The Lord Chancellor is often the position of the King's unofficial 'First Minister', and performs much of the work of running the country- especially the enforcement of the law- that is delegated to him by the Council and the King, making it a vital government function. The Chancellor also has frequent personal access to the monarch himself, though not as frequently as the Royal Secretary or (if one has been appointed) the Lord Privy Seal. The Chancellor is responsible for bearing the Great Seal of the Realm, which is traditionally returned to the monarch after his death, dismissal or resignation.
Four men served as Lord Chancellor over the course of King Henry VIII's reign in The Tudors, each of them appointed by the King.
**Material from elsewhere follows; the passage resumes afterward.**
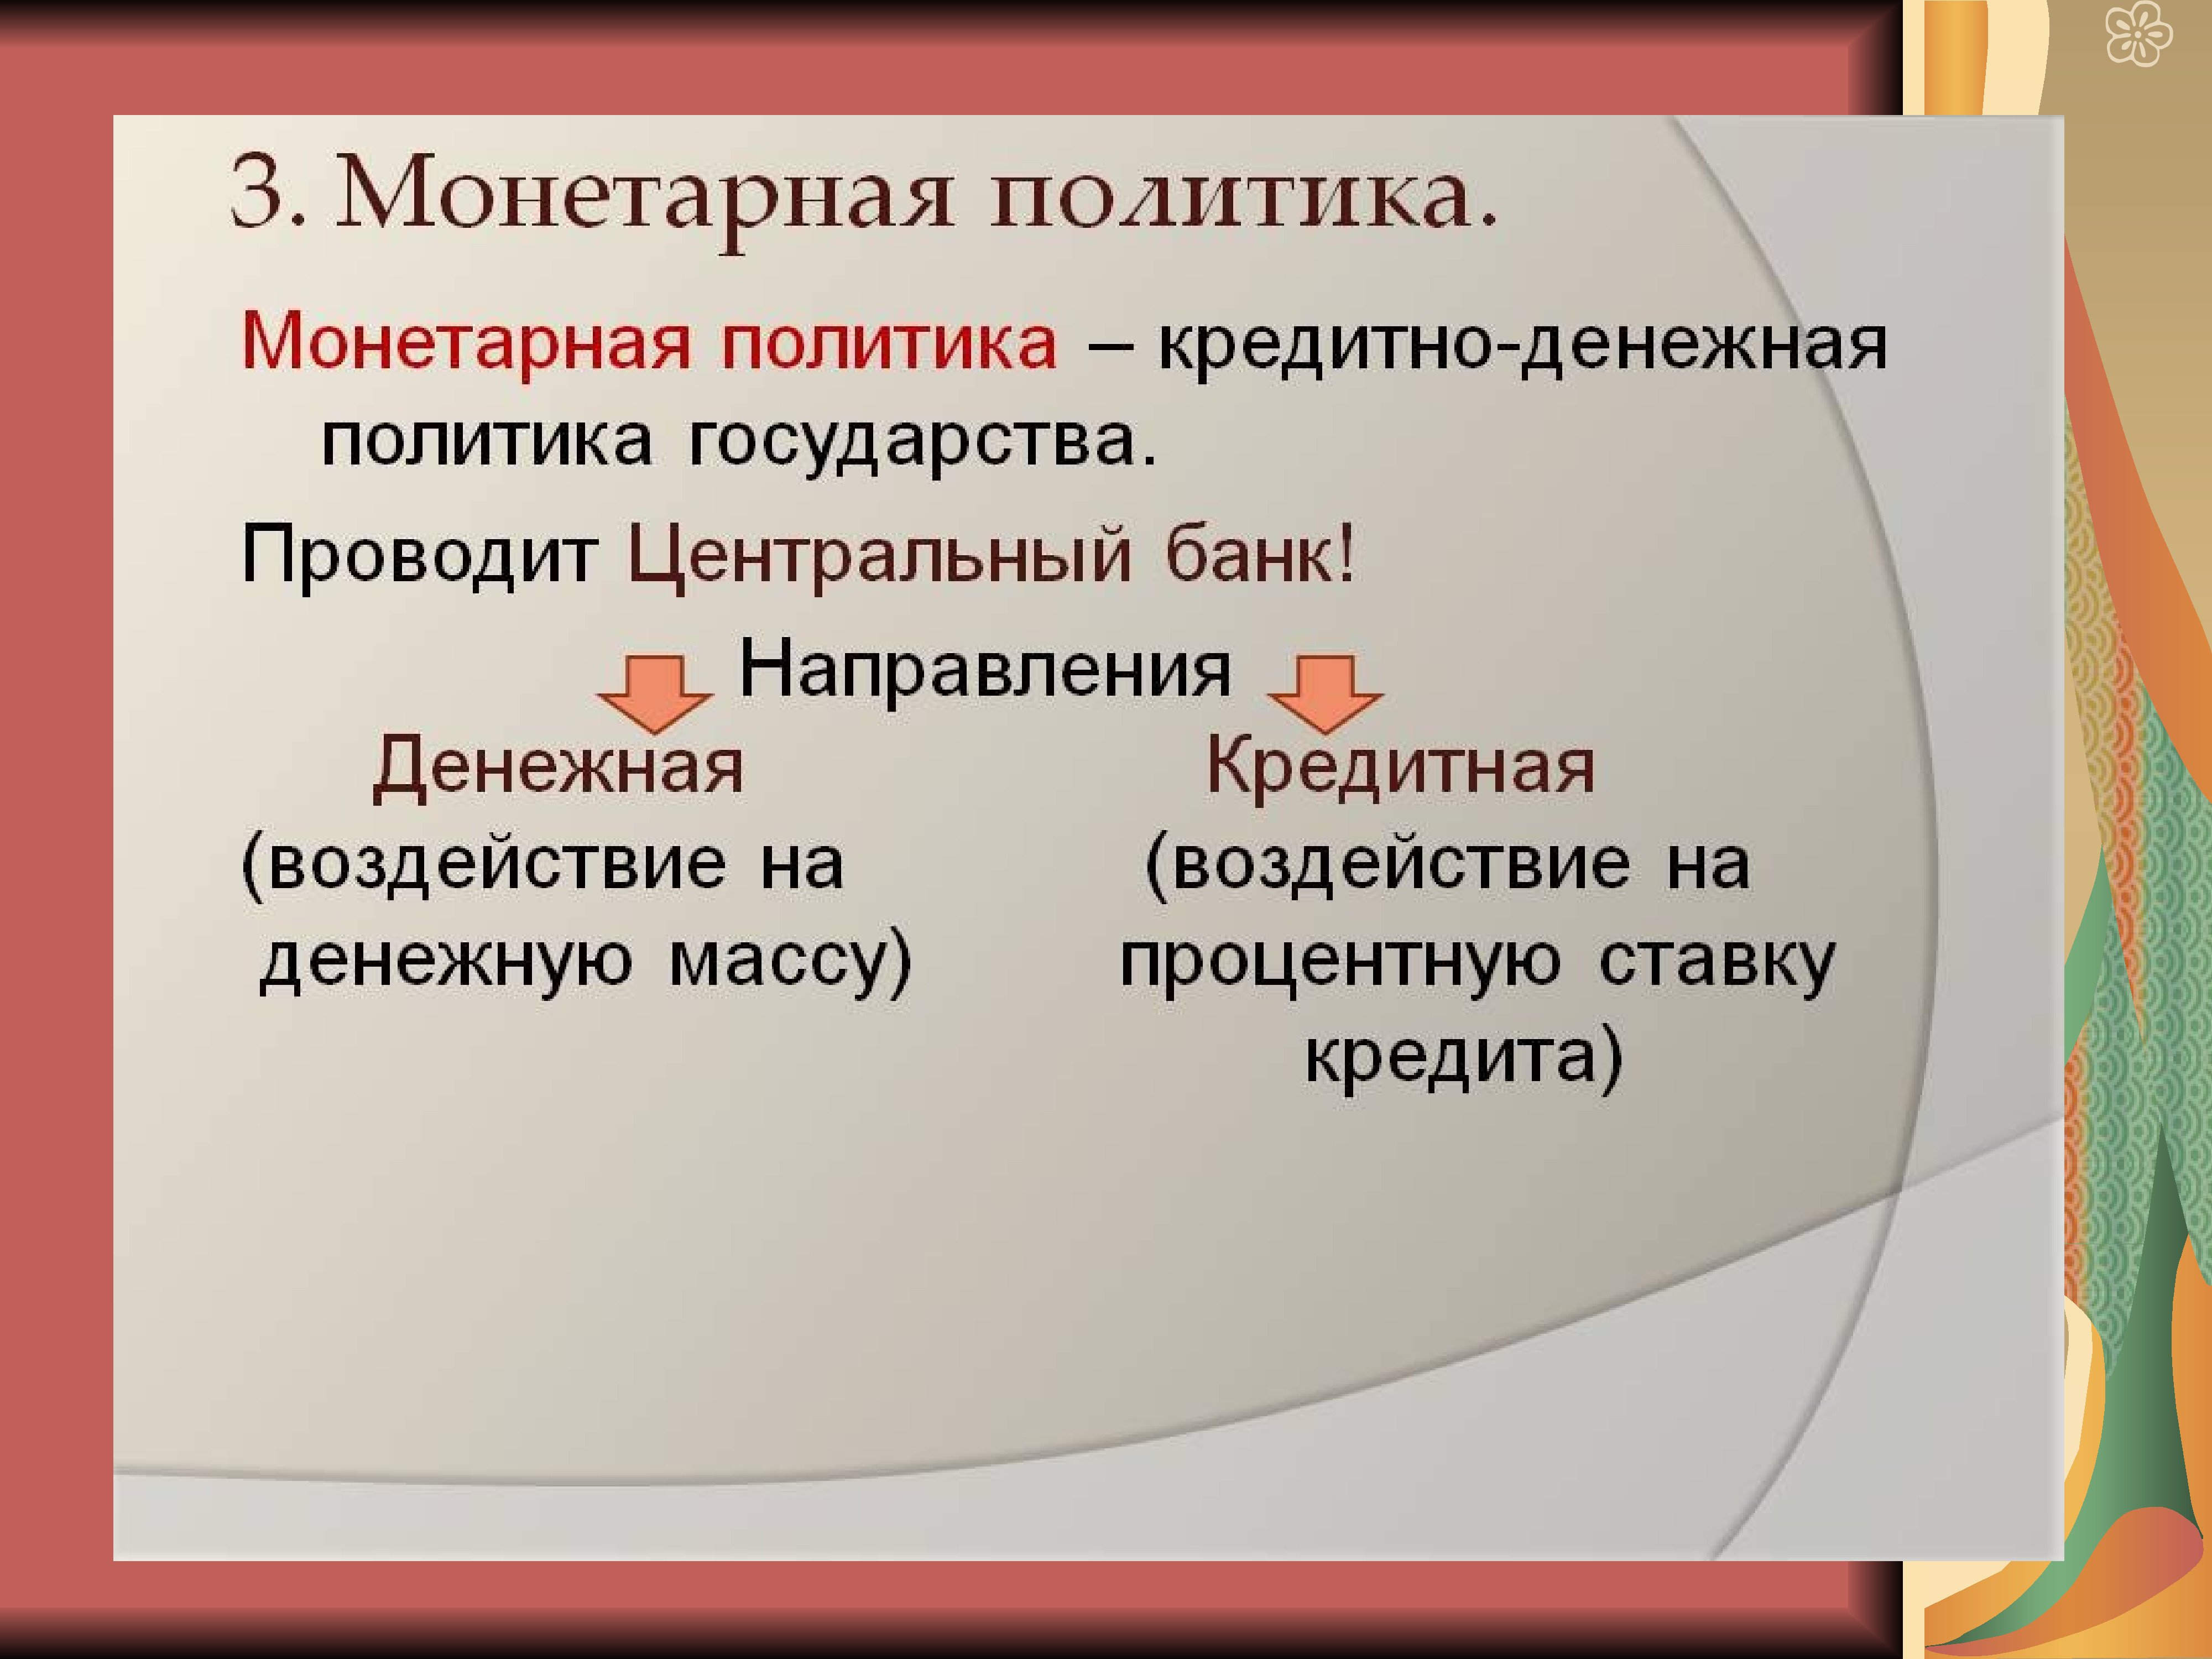 Монетарная политика банка россии обществознание. Монетарная политика. Монетарная денежная политика. Монетарная политика государства. Мумунитарная политика.

Cardinal Wolsey was Chancellor and Henry's First Minister for the first half of his reign, but despite his competent management of the Kingdom, he gradually loses Henry's favor and trust over the course of Season One due to his inability to solve Henry's 'Great Matter'. Finally, Henry strips him of his power in episode 1.09 and gives the office of Chancellor to his old friend and Wolsey's colleague, Sir Thomas More. More, an unambitious humanist and stern Catholic, is at first reluctant to take the office and largely uses it to enforce the persecution of Protestant 'heretics', including burning six of them at the stake. His tenure is short and chaotic, as Henry is in the midst of sepparating the Church of England from the Papacy. Disapproving of the King's actions, but unwilling to publicly oppose him, More resigns as Chancellor in 2.02; he is later executed for refusing to renounce his loyalty to the Catholic Church.
Henry promptly hands the office to his Royal Secretary, Thomas Cromwell, in 2.03. Cromwell, an ambitious, common-born Protestant, quickly proves himself a brilliant and capable politician, becoming the King's new Chief Minister. He swiftly and ruthlessly enforces the Reformation, thwarting anyone who opposes him, and amasses such a surpluss in the King's exchequer that he makes Henry financially independent of Parliament. However, Cromwell's position is weakened in Season Three despite now holding the offices of both Chancellor and Lord Privy Seal; Henry becomes angry at him over the 'Pilgrimage of Grace' which Cromwell's anti-Catholic policies provoked. Cromwell's enormous power provokes resentment from Catholics throughout Henry's court as well as ambitious members of the Privy Council, and in the Season Three finale he is stripped of his power and put to death.
His eventual replacement in Season Four is Thomas Wriothesley, a Catholic who hopes to enact a counter-reformation; however, Wriothesley lacks Cromwell's brains and initiative, depending greatly on his ally Stephen Gardiner, the ruthless Bishop of Winchester. Their main opponent is the King's Protestant Lord Privy Seal and uncle to the Crown Prince, Edward Seymour. They attempt to oust Seymour by finding him guilty of heresy but fail; when Gardiner is expelled from Court, Wriothesley- despite his powrful position- is unable to fight Seymour without his strongest ally, and instead submits to Seymour's faction.
Ironically, Gardiner later briefly became Lord Chancellor under the reign of Henry's pro-Catholic daughter, Mary I.